Segment Start: Dataset content

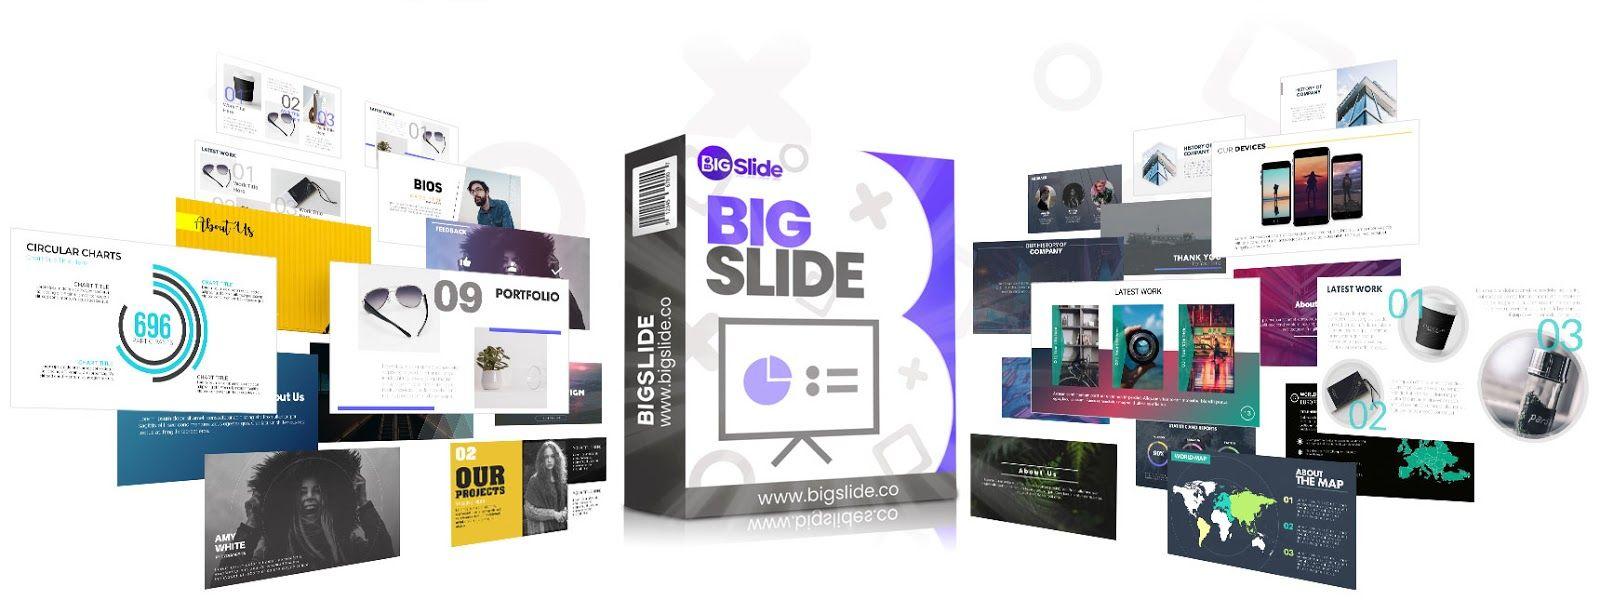 Big-Slide-Review-1
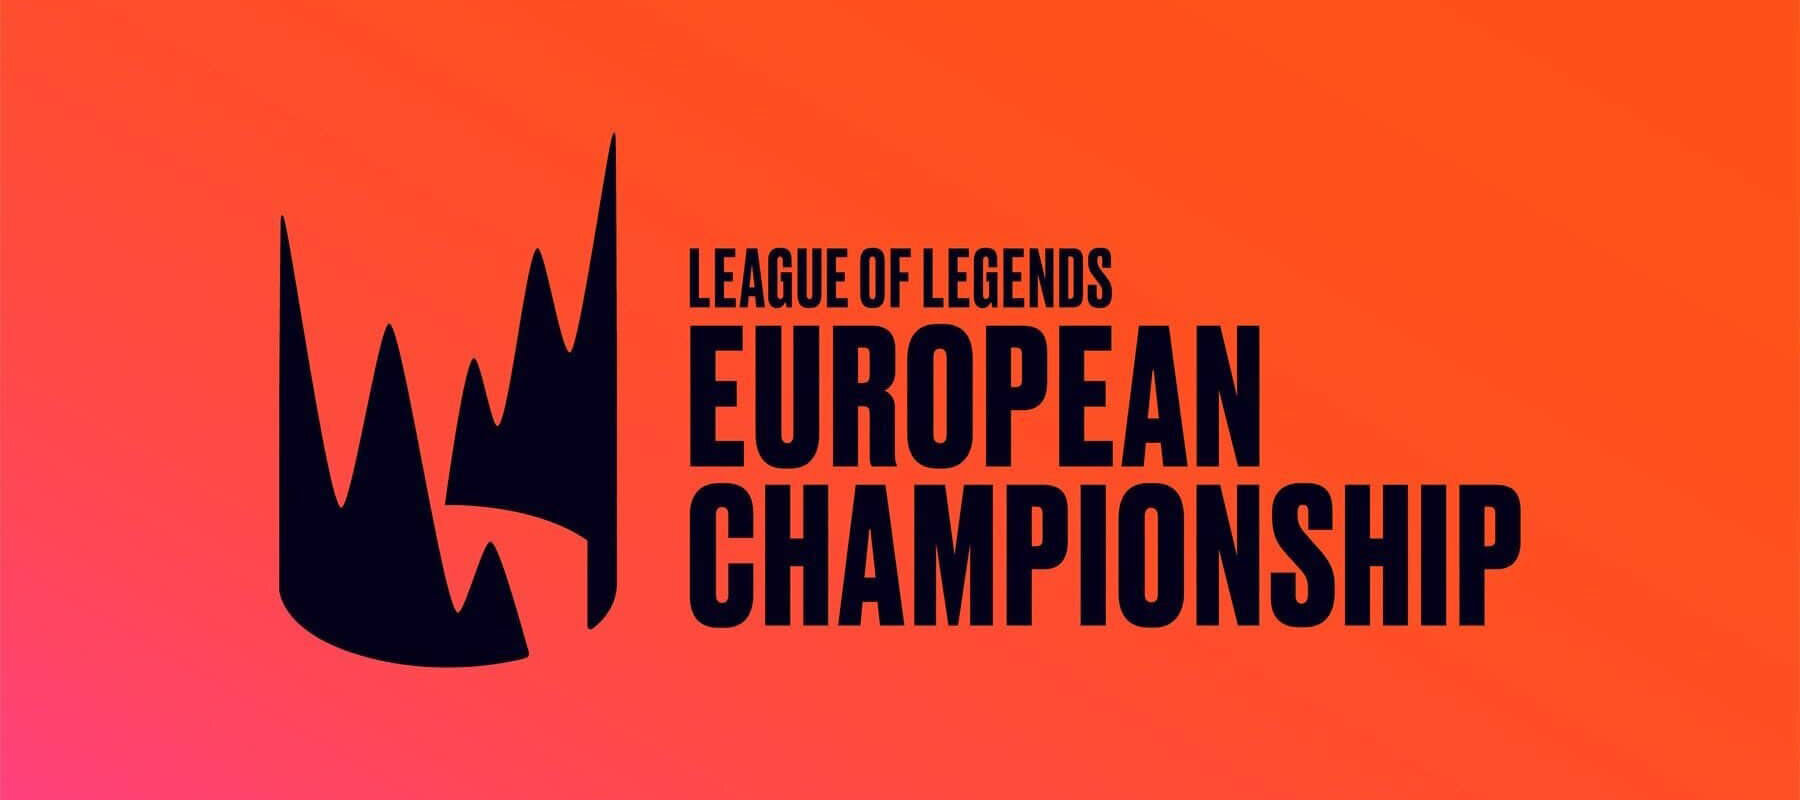 eSports Betting: League of Legends LEC June 14th Matches
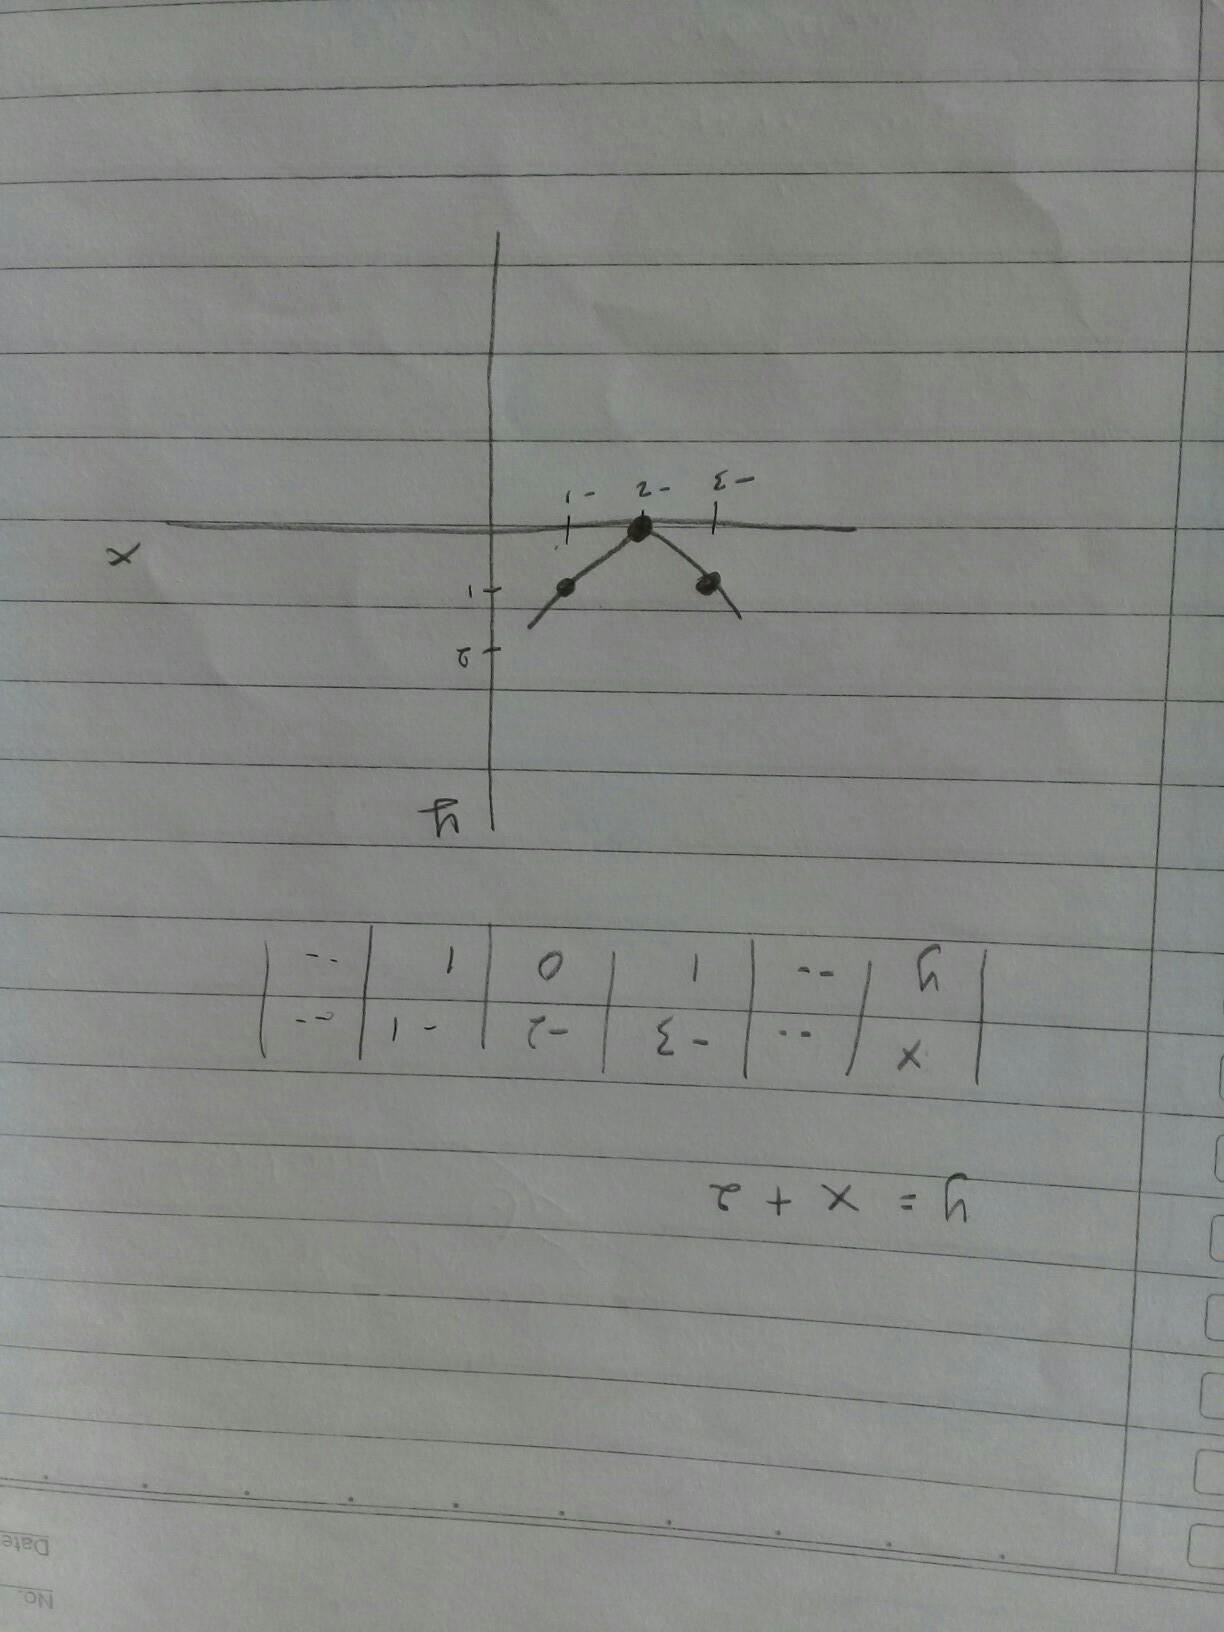 Gambarkan Grafik Bentuk Nilai Mutlak Berikut Dengan Memanfaatkan Definisi 1.1 : gambarkan, grafik, bentuk, nilai, mutlak, berikut, dengan, memanfaatkan, definisi, Gambarkan, Grafik, Bentuk, Nilai, Mutlak, Berikut, Dengan, Memanfaatkan, Definisi, Brainly.co.id
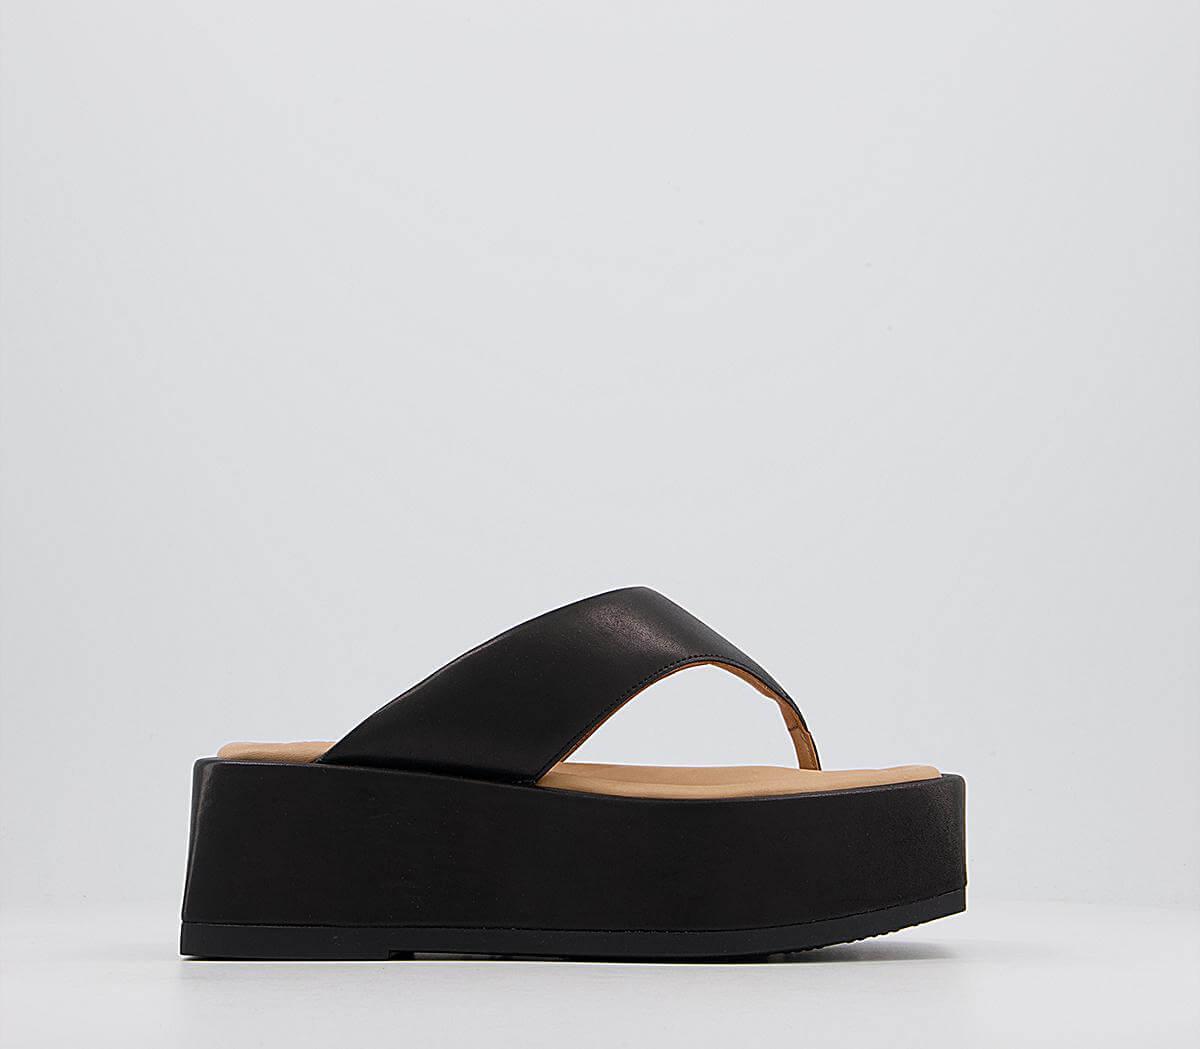 Al Fresco Fashion: Viva has you covered - Atelier by Vagabond Juno Toe Thong Platform Sandals £145.

Segment End: Dataset content

▸ What the exercise asks
Repeat the line containing "eSports Betting: League" and every line after it up to the end of the material above, exactly as they stand, minus the pictures.

▸ Finished task
 eSports Betting: League of Legends LEC June 14th Matches
 Gambarkan Grafik Bentuk Nilai Mutlak Berikut Dengan Memanfaatkan Definisi 1.1 : gambarkan, grafik, bentuk, nilai, mutlak, berikut, dengan, memanfaatkan, definisi, Gambarkan, Grafik, Bentuk, Nilai, Mutlak, Berikut, Dengan, Memanfaatkan, Definisi, Brainly.co.id
 Al Fresco Fashion: Viva has you covered - Atelier by Vagabond Juno Toe Thong Platform Sandals £145.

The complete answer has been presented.